Task goal:
Every picture should be left out, but the lines below must be repeated exactly.

─── Supplied data

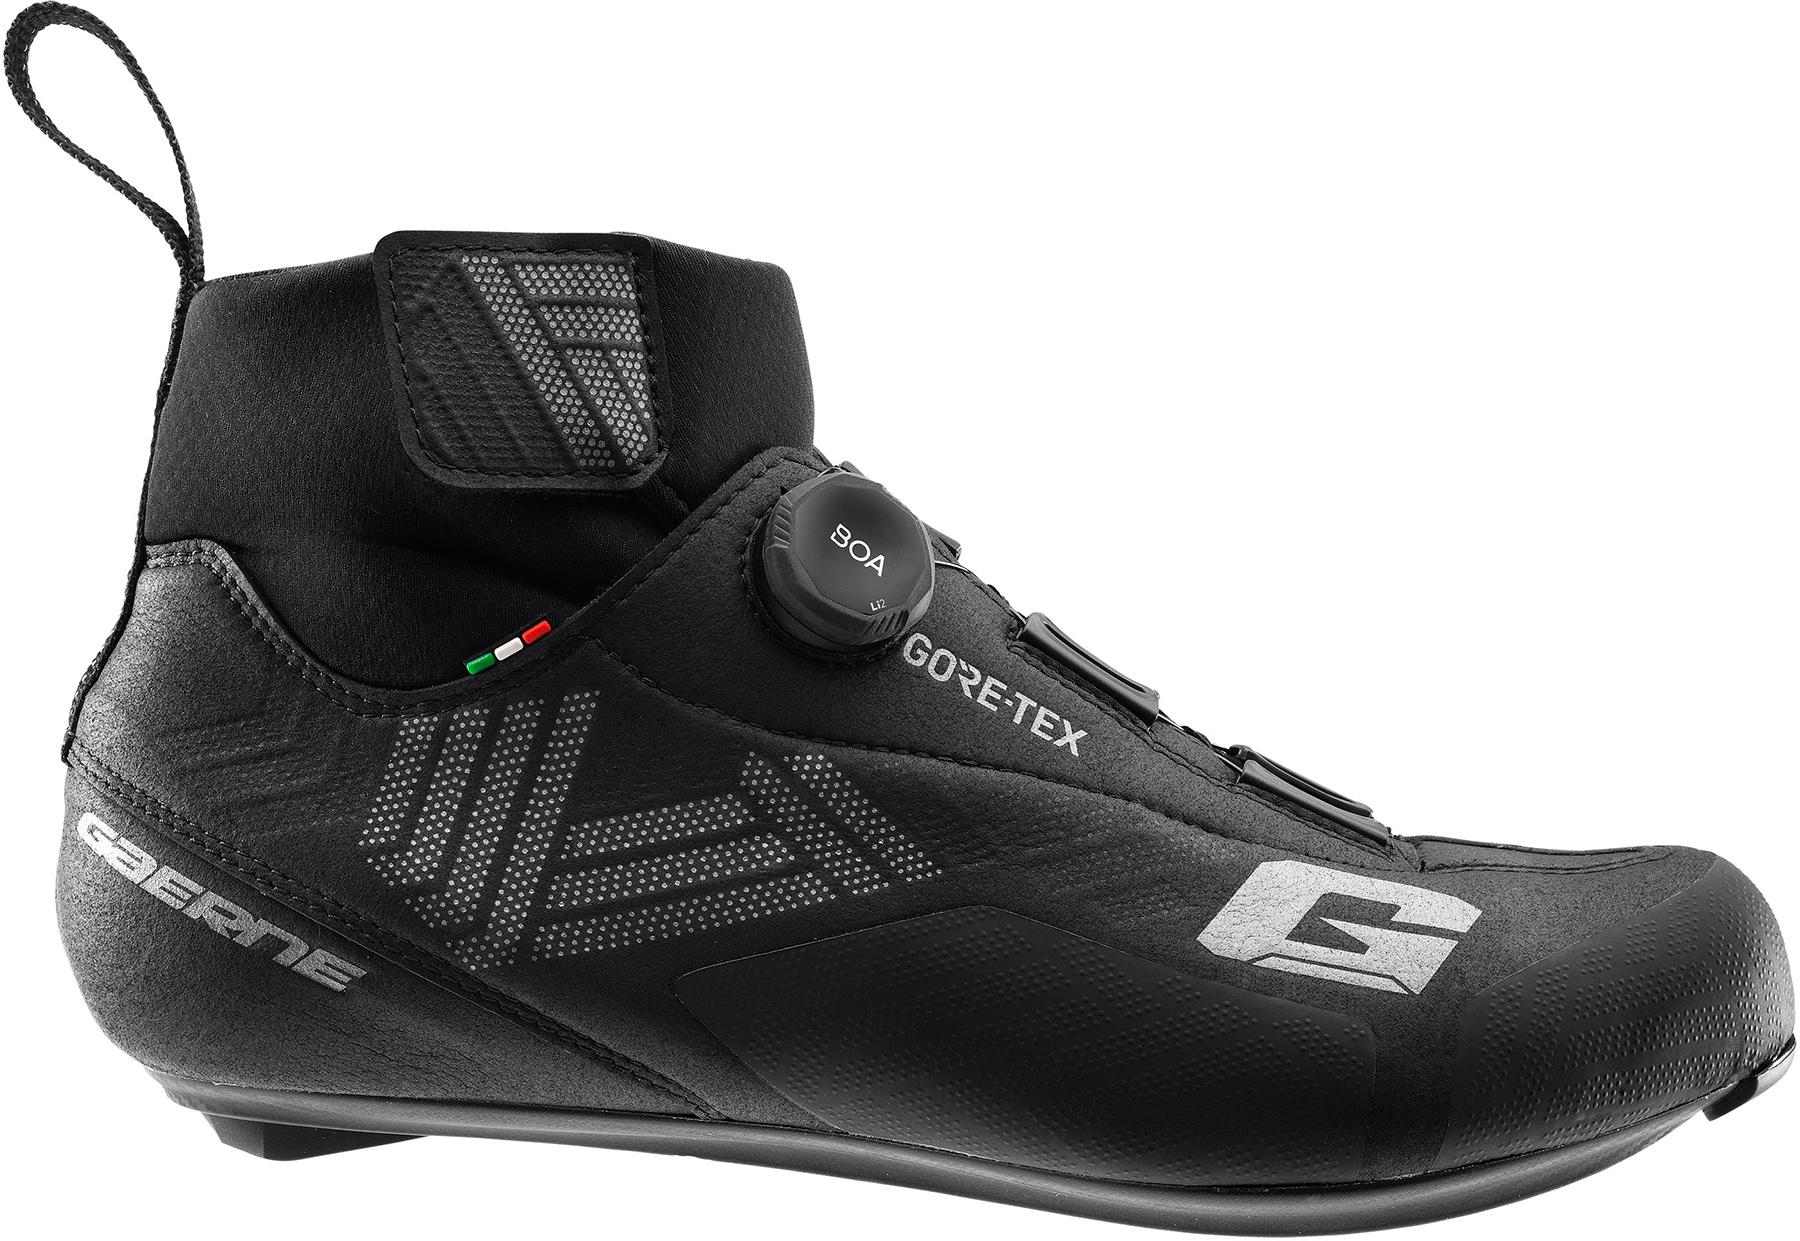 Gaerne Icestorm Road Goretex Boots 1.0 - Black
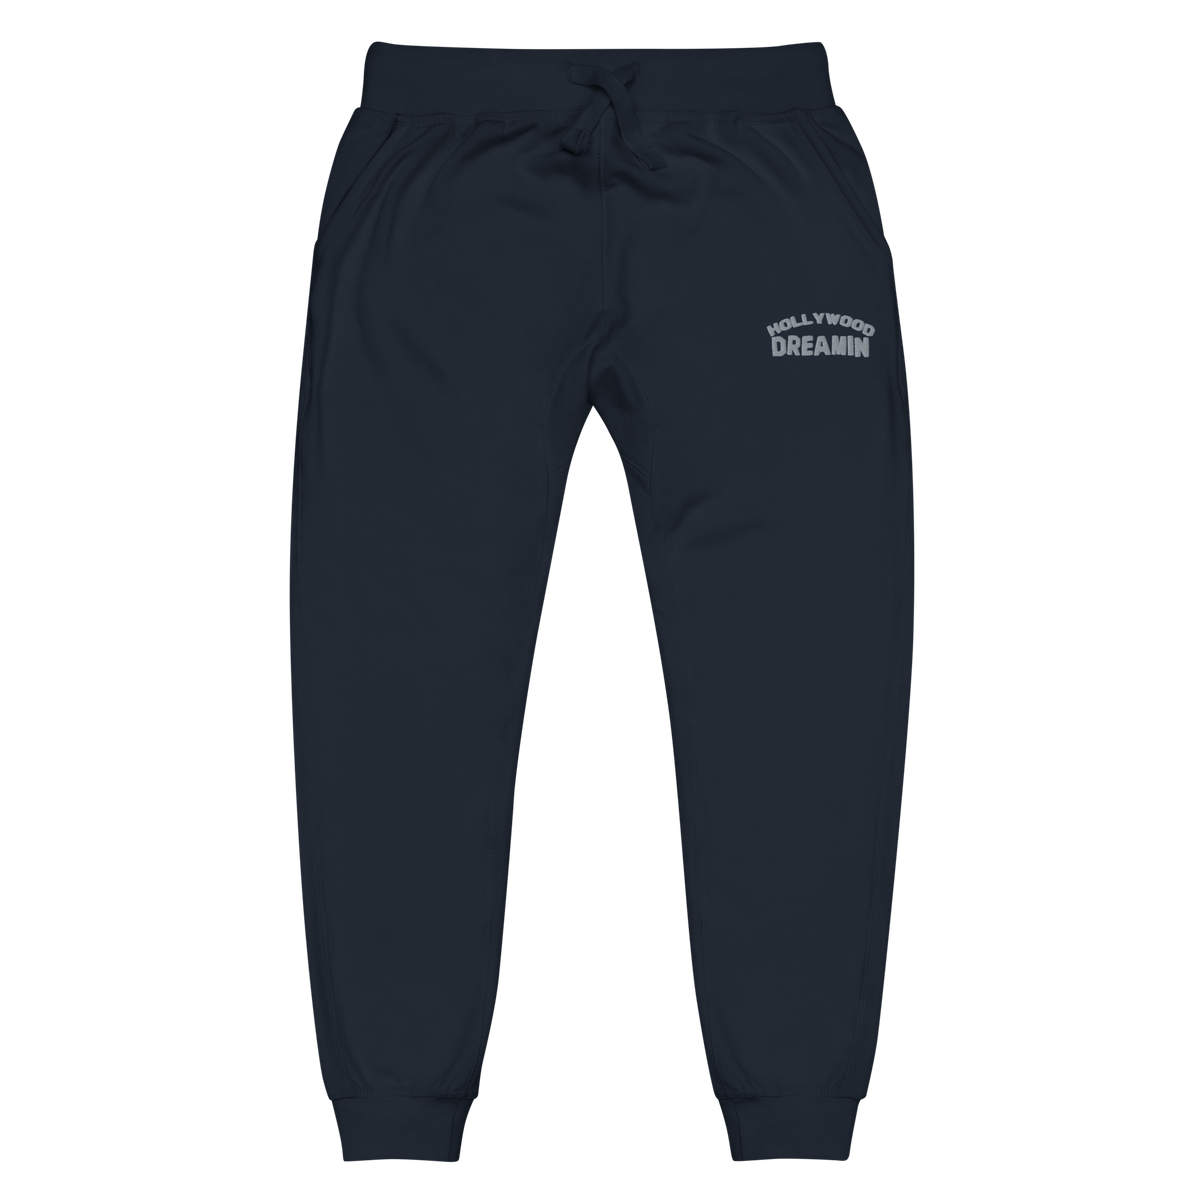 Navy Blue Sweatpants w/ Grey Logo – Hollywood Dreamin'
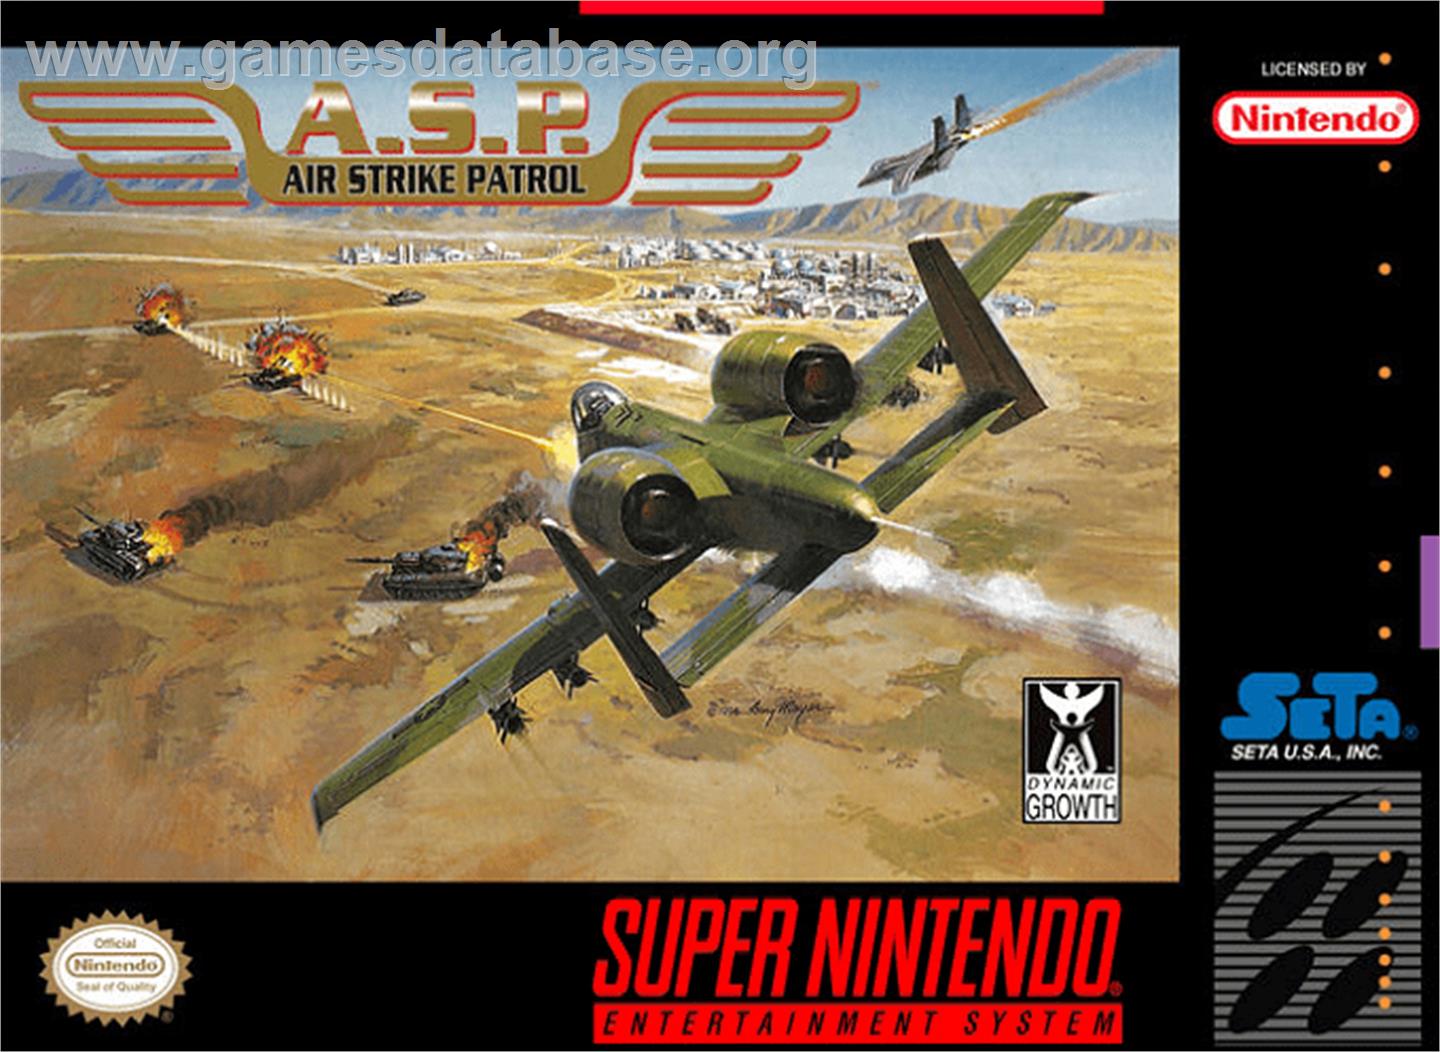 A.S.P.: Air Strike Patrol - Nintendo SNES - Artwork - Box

──────

Task solution:
 Gaerne Icestorm Road Goretex Boots 1.0 - Black
 Navy Blue Sweatpants w/ Grey Logo – Hollywood Dreamin'
 A.S.P.: Air Strike Patrol - Nintendo SNES - Artwork - Box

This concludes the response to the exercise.